直播间里面再次飞满了问号。
邱子玉也是怔了一下,完全没想到会有一个孩子跳出来。
”我心碎了。”有人道:“他俩是谁偷偷有了孩子吗?”
“这就是你们的策略?!”有人怒道:“我本来还嗑你们呢!敢情就在这儿等我呢!”
“好好好好好不愧是金曜的公关,今天猹王直播也是你们设计好的吧,只要孩子出来,你俩就肯定清清白白是吗?”
一片质疑之中,杜浔无声调转了镜头。
邱子玉终于看到了何毓秀,他穿着一件薄绒的羊毛衫,外面套了一个相当居家的针织外套,银丝眼镜温文尔雅,顺手将胸前的太阳胸针取了下来,托在指间,唇角含笑:“大家好,这是我们金曜即将上线的新一代AI交互终端。”

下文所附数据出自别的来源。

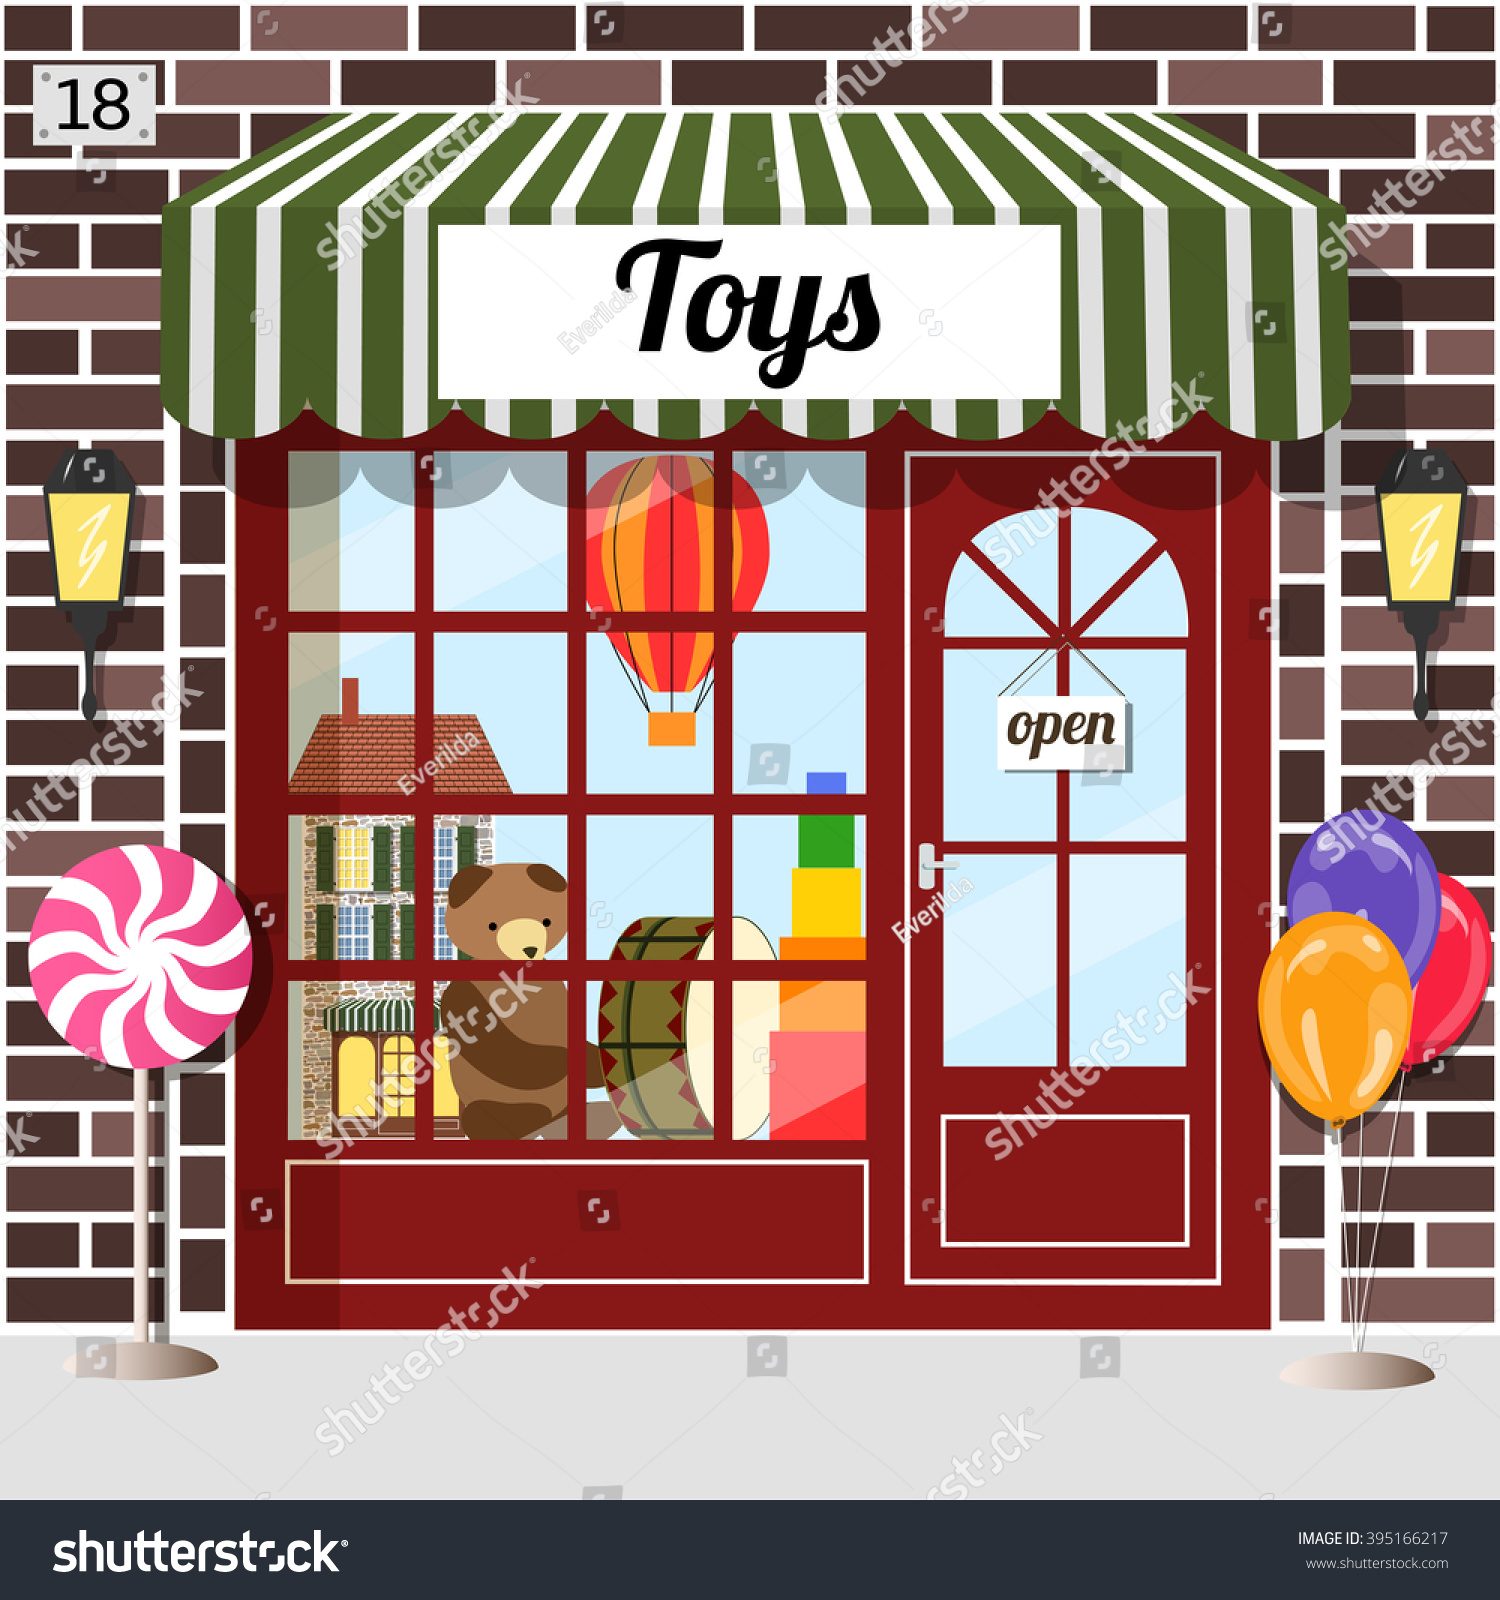 toy store clipart - photo #7

金属眼皮轻轻眨动了一下,PPC努力表现出了乖巧的样子。
“它不是一个普通的胸针。”何毓秀继续介绍道:“而是一只电子眼,它能记录你所看到的一切——当你将佩戴它,小P将拥有你的第一视角。我们为它配备了超长待机和低能消耗模式,它将以‘隐形伴侣’的模式陪伴你,随时可能冒出来,用最合适的语气提醒你、安慰你,或者……帮你吵架。”
邱子玉呼吸微窒。
弹幕:“我去……这反转……秀总你真是把我们当猴耍啊!!!”
“这真的不是排练好的剧本吗?”有人发了个无数个头晕的表情。
“所以你俩还是不清不白的?好的好的我放心了……”
“当然。”何毓秀不忘提醒:“断网不行。”
“人家在这等你对线呢,你还介绍新产品……”
“我也是那个被耍的猴qwq”
“秀总的千层套路·jpg”
邱子玉刚才就已经清屏,看不到弹幕在说什么,此刻只感觉自己像是一个小丑。
刚才何毓秀不正面回应联络方式的事情,她以为他在心虚,他不敢面对自己亲手将父母送上法庭这件事,她想好了一定要揪住这一点,把他骂得体无完肤,让他永远遭受良心的谴责。
可当镜头对准何毓秀之后,她就知道她错了,大错特错。
镜头重新调整,对准了被放在桌面小支架上面的胸针,与此同时,她也再次收到了祝奇的消息:“你在干什么?!怎么可以在公众面前说出那种话?我不是让你态度好一点吗?你告诉杜浔你是谁,何毓秀是有可能答应跟你私下交流的!”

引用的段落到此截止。